Decision Date27 August 1952
Citation258 Ala. 116,61 So.2d 117
PartiesLAKEY v. STATE. 8 Civ. 632.
CourtAlabama Supreme Court

Bradshaw & Barnett, Florence, and Smith & Tompkins, Tuscumbia, for appellant.

Si Garrett, Atty. Gen., and Bernard F. Sykes, Asst. Atty. Gen., and Maury D. Smith, Montgomery, of counsel, for the State.
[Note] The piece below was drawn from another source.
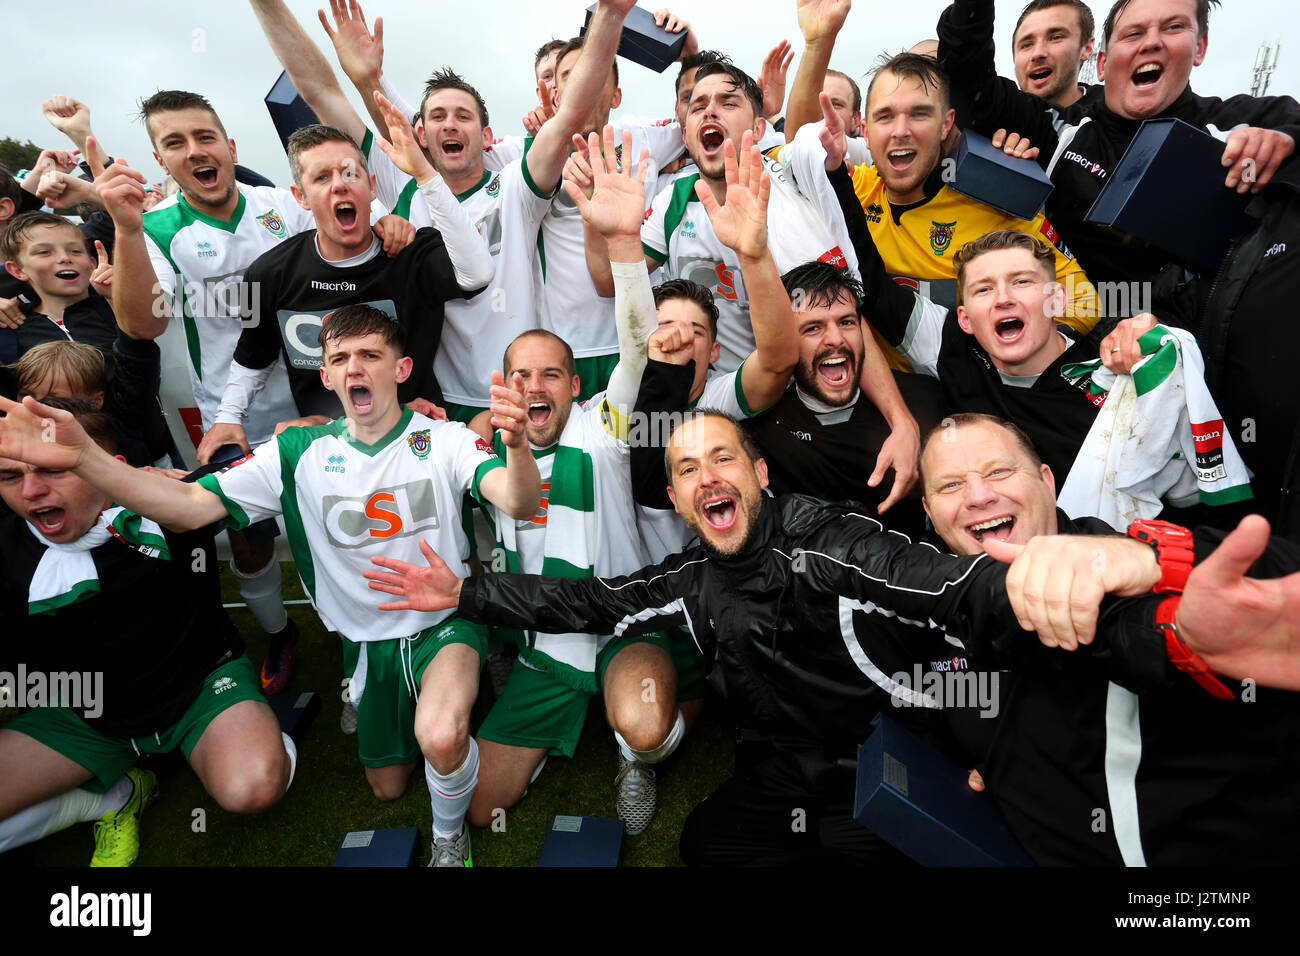 Bognor Regis, UK. 01st May, 2017. Bognor Regis, UK. Bognor Regis Football Club pictured celebrating beating Dulwich Hamlet to win the Ryman Football League Season 2016- 2107 Premier Division Play-off Final to be promoted to the National League South. Credit: Sam Stephenson/Alamy Live News Stock Photo

The following charges were refused to defendant:

27. 'I charge you, gentlemen of the jury, that if you are reasonably satisfied from the evidence that the defendant at the time of the alleged killing was so drunk that he was incapable of forming the purpose to do a voluntary act, then I charge you, you cannot convict him of any offense higher than manslaughter in the second degree.'

40. 'I charge you Gentlemen of the Jury that the defendant in this case is charged with murdering his wife, and there is a strong presumption of innocence arising from the existence of the marital relation between the defendant and the deceased in addition to the legal presumption of innocence that exists in any criminal case.'

(55) 'I charge you, gentlemen of the Jury, that there is in the evidence in this case some evidence as to threats of the defendant against the deceased prior to the alleged killing, and some evidence as to acts of cruelty by the defendant toward the deceased prior to the alleged killing, and I charge you, gentlemen of the jury, this evidence has been permitted to come to you merely on the question of motive, if any, on the part of the defendant for the alleged killing, and I charge you that in your consideration of this evidence as to threats and acts of cruelty prior to the date of the alleged death, you must be cautious.'

(70) 'I charge you, Gentlemen of the Jury that in your consideration of the alleged declaration of the defendant prior to the death of the deceased you can not be too cautious in attaching importance to such evidence for if you are satisfied from the evidence in this case that the motive is a weak and inconclusive circumstance, the evidence which only tends to prove the existence of said motive is less conclusive and you should be guarded as to the importance you attach to said evidence.'

SIMPSON, Justice.

Standford Lakey was convicted of the murder of his wife, Tommie Fields Lakey, and received a sentence of life imprisonment. He appeals from that judgment.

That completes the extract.